Factual question answering sits somewhere between. The model usually has a high-confidence answer, and temperature around 0.3 to 0.5 lets you get deterministic-ish behavior while still allowing some variation in phrasing. Top-p at 0.9 keeps the nucleus adaptive.

The most common mistake: leaving temperature at 1.0 (the API default) for extraction tasks and then wondering why the model gives slightly different answers each time. A default of 1.0 is a neutral prior, not an endorsement. It means the sampling distribution matches what the model learned, which includes considerable uncertainty that may be appropriate for language modeling in general but is actively harmful for deterministic pipelines.

The thing temperature cannot fix

Here is the claim worth sitting with: no combination of temperature, top-k, and top-p will make a model factually accurate if it was not accurate at T=1.0. These parameters reshape how you sample from the model’s beliefs; they do not alter the beliefs.

If a model has calibrated uncertainty — it assigns high probability to correct answers and lower probability to wrong ones — then low temperature is extraordinarily useful: it collapses you onto the right answer. If a model is confidently wrong — high logit for an incorrect token — then low temperature makes things worse: you get deterministic incorrectness instead of random incorrectness.

This is why sampling parameters are a signal about confidence but not a substitute for capability. When you see practitioners report that “lower temperature reduces hallucinations,” they are usually observing a model that is more correct at the top of its distribution than in its tail. The tail, for such a model, is where the noise and confabulation live. Temperature suppression cuts the tail. So, mechanically, does top-p.
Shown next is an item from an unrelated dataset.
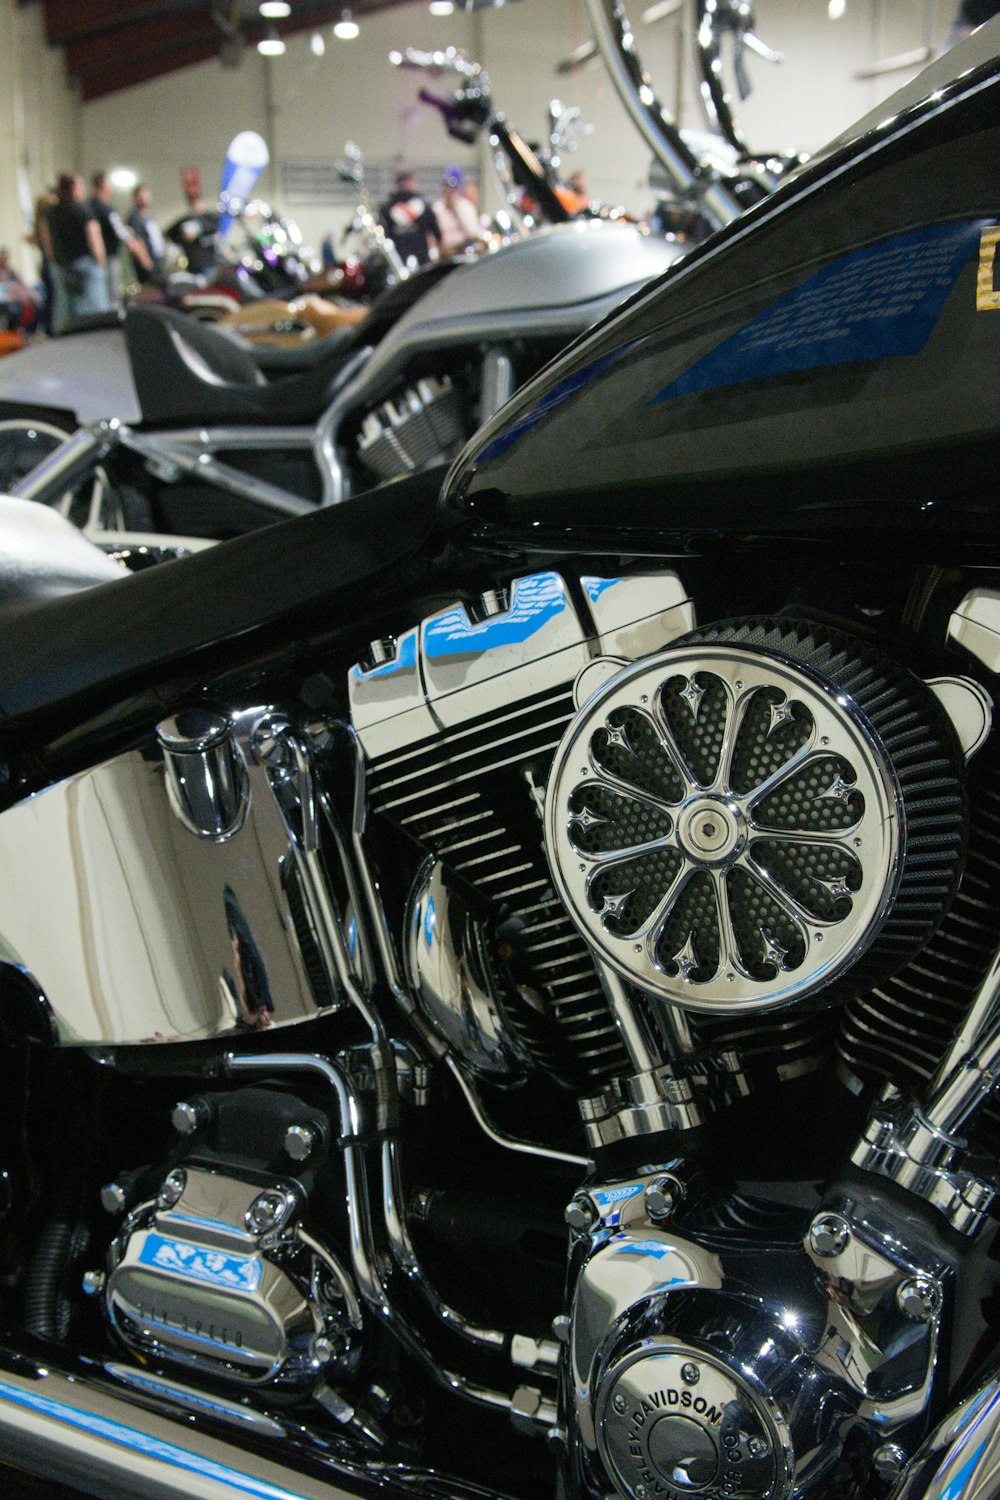 Ein glänzendes schwarzes Motorrad

They are not reducing hallucinations — they are increasing the fraction of samples that avoid the hallucinating part of the distribution.

The deeper lever is always the model itself — its training data, RLHF calibration, and knowledge. Sampling parameters tune which part of the model you see. Choose your temperature knowing that.
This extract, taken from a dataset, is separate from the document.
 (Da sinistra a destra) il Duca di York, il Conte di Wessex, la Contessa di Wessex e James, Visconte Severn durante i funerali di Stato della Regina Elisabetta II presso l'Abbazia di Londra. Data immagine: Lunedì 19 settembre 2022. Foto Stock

A rule of thumb that actually holds

Think of temperature as deciding how much of the model’s uncertainty you want expressed in the output. If you want the model’s best single guess, drive temperature low. If you want a sample of plausible outputs that reflects the model’s genuine uncertainty about what should come next, keep temperature closer to 1.0 or above.

Think of top-p as deciding how far into the probability tail you are willing to reach. 0.9 is a reasonable default almost everywhere. Below 0.7 you are aggressively cutting options; above 0.99 you are essentially sampling the whole distribution.

Think of top-k as a blunt guardrail that says “never go below the top k tokens no matter what.” It is most useful at small values when you want hard vocabulary control, and effectively irrelevant at large values like k=200 or k=512.

The three knobs do not make a model smarter. They make it behave in a way that matches your task’s tolerance for uncertainty. That is a smaller claim than most playground sliders suggest — but it is the correct one, and building your intuition around it will save you a lot of confused debugging.